The modern Treasury’s relationship with the City was defined by Gordon Brown, both as chancellor and then prime minister. Immediately after Labour’s landslide win in 1997, he ripped up the existing regulatory architecture. Tradition has it that the governor of the Bank of England needed only to raise an eyebrow to bring the City to heel but Brown’s reforms changed that. The Bank was given monetary independence but lost banking supervision to a new regulator, the Financial Services Authority.

The Treasury was the guiding hand. A memorandum of understanding made it responsible for the overall structure of financial regulation, accountable to parliament. In an extraordinary mixing of messages to the regulator, the legislation that set up the FSA gave it a mandate to promote as well as regulate the UK’s financial services industry. The City loved this proof that Brown’s Treasury was “light touch”.

For a decade, this light touch was a great success. In one of his last speeches before becoming moving into Number 10, Brown declared the previous decade to have been “an era that history will record as the beginning of a new golden age for the City of London”. He was wrong. The global financial crisis burst around his premiership. It could have ruined his own and the Treasury’s reputation but they both did a quick about-turn.

Working fast with the Bank and with City advisers, the banks were saved; so too was the Treasury’s reputation. In the aftermath, the Bank of England’s regulatory position was restored and that light touch became much heavier. Stricter capital requirements, new rules for senior managers, restrictions on bonuses and the enforced ringfencing of retail banking changed the climate. Gone was the mandate to promote the City’s interests: the Treasury had learnt its lesson.
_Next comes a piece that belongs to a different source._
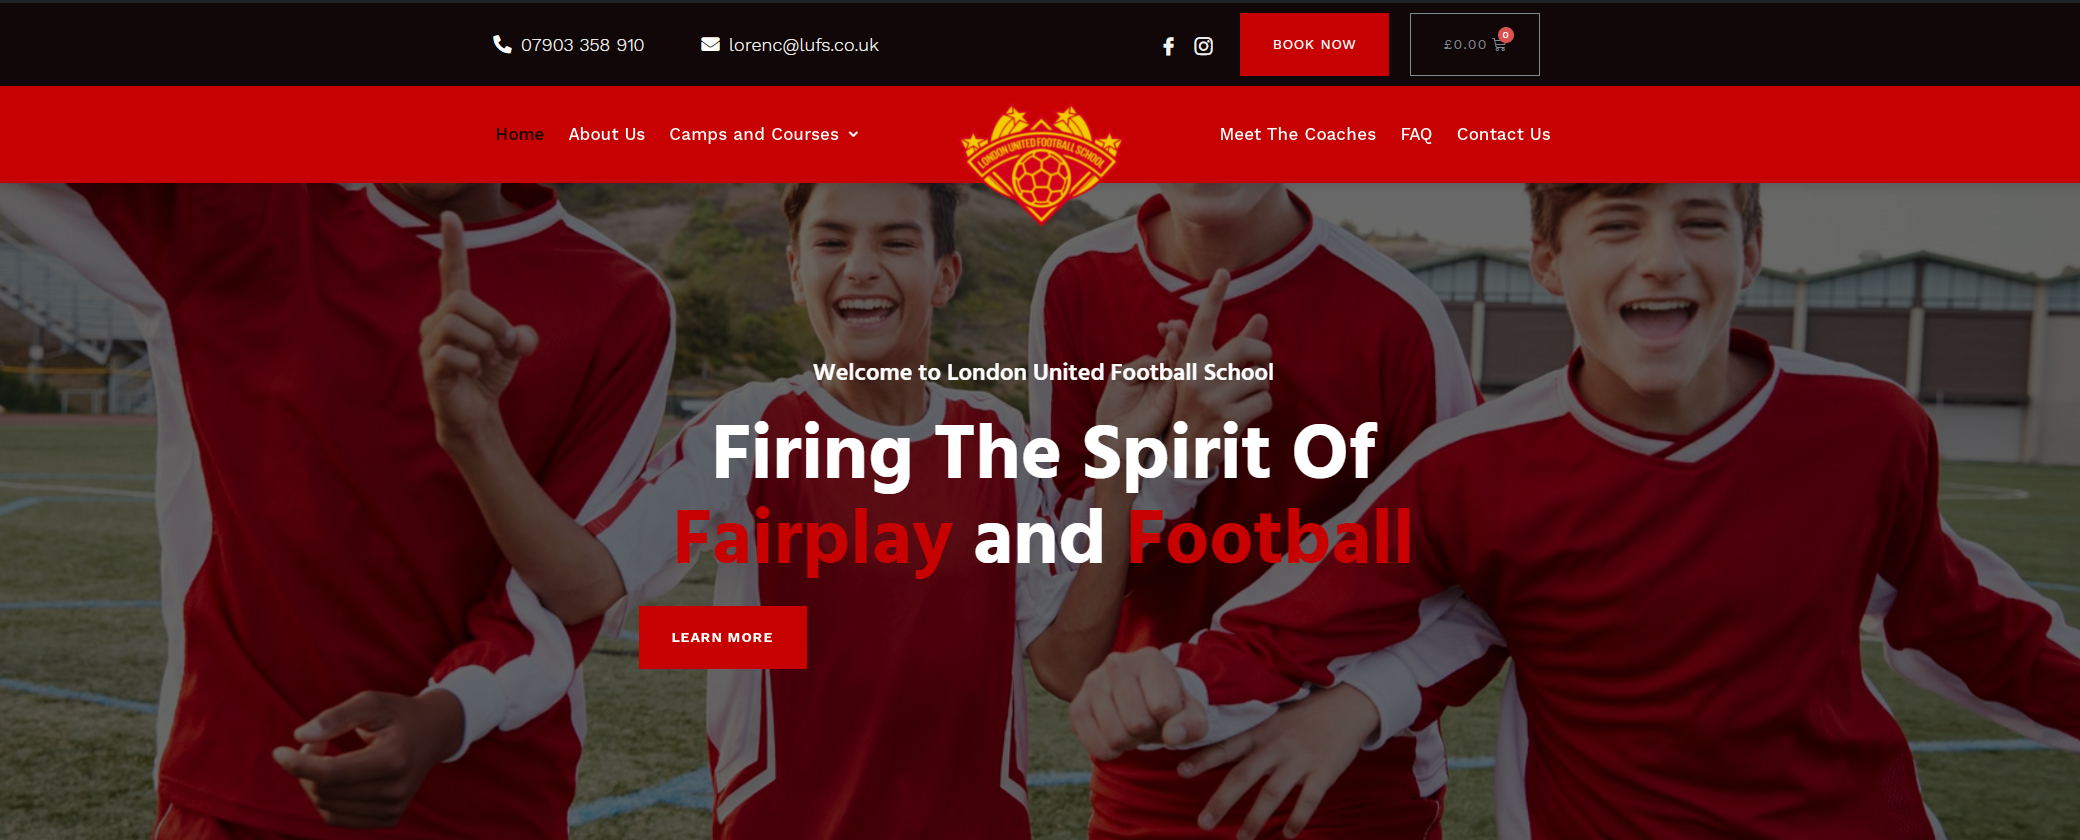 London United Football School Website

Over the next few years, chancellors came and went with no perceptible change in tone. Brexit makes it harder for the financial services industry to do business in the EU, but Britain continues to follow EU rules in financial services. There has been a drift of several thousand City jobs to Europe. The Treasury appeared unimpressed by the industry’s special pleading but then came the Financial Services Bill of July 2022, a proposed post-Brexit overhaul of the rules.
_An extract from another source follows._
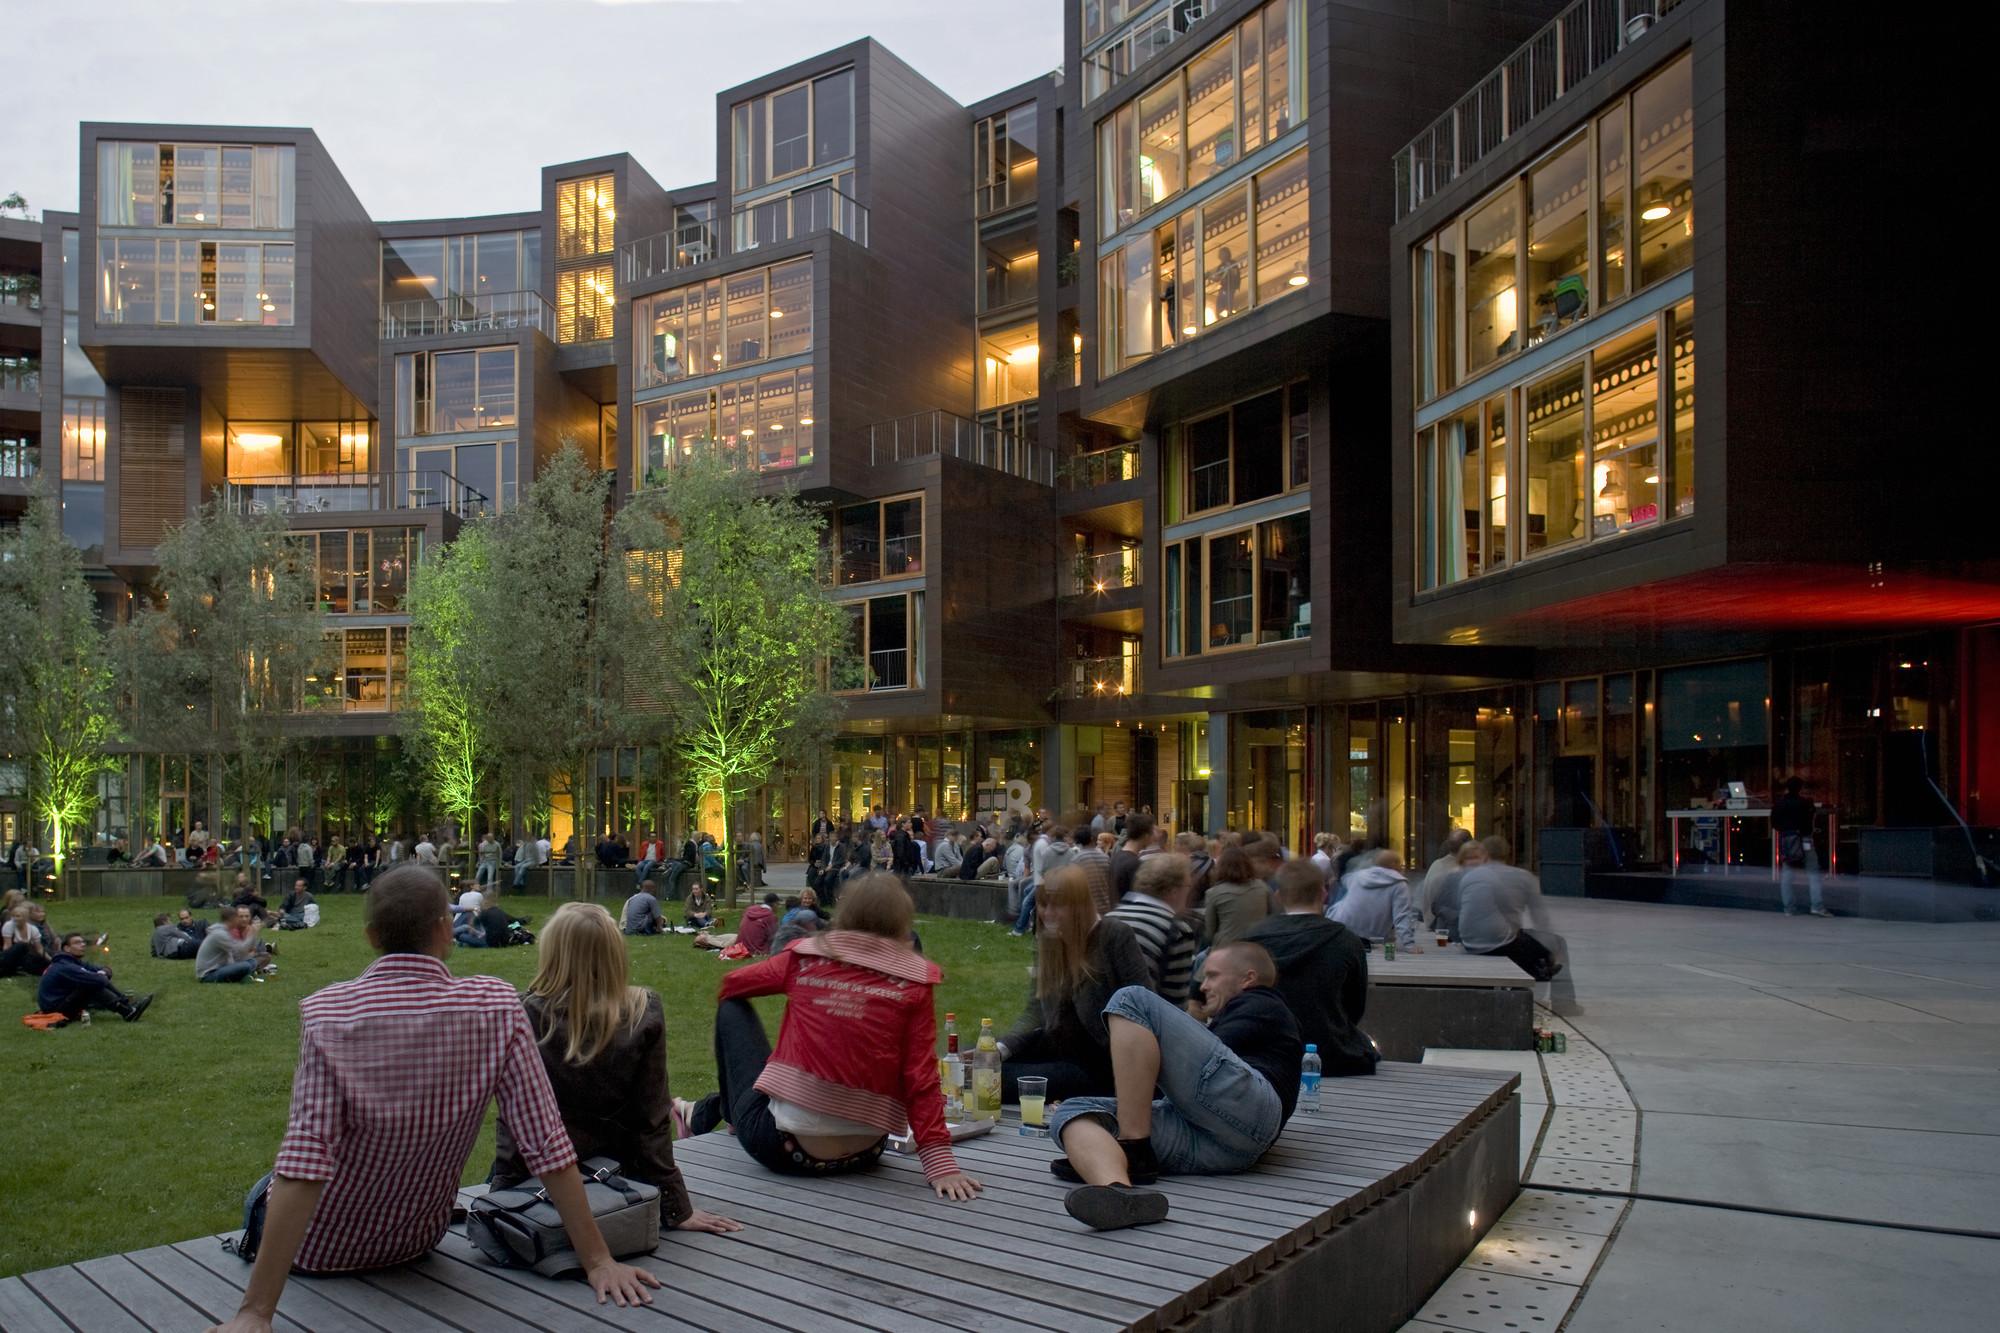 dán építészet_architecture with people_Cykelslangen (1)

The 335-page bill followed a lengthy Treasury consultation with the industry. In an important change, it restores the regulators’ mandate to promote competitiveness and growth, albeit it as a secondary consideration. Put this alongside City-friendly proposed reforms to the stock exchange listing rules, a Treasury interest in “calling in” financial regulation it perceives to be against the public interest, threats to the Bank of England’s independence and talk of scrapping the hated EU-imposed rules that cap bonuses, the signs are that the mood has changed.

This carries risks. Looming recession requires growth points to be nurtured and as one of the UK’s biggest and most successful industries, undoubtedly financial services has a role to play in pulling the country through to recovery. But when the City gets the bit between its teeth it is very hard to rein in. It has a symbiotic relationship with government illustrated in the depths of the banking crisis: the banks got us into that mess; clever investment bankers, working with government and the Bank of England, helped to get us out. It’s the symbiosis that gives the banks special access and a hard-nosed Treasury is an important safeguard against undue influence.

Effective regulation is an incredibly delicate balance in which institutional memory should play a part. The Treasury’s two permanent secretaries at the time of the banking crisis, Nicholas Macpherson and John Kingman, have both retired. Scholar, their most recent successor, was closely involved in the 2008 rescue — his replacement has not yet been announced.

The adage that the most dangerous moment is when the last person to have worked in the previous crisis leaves the stage has rarely seemed more apt.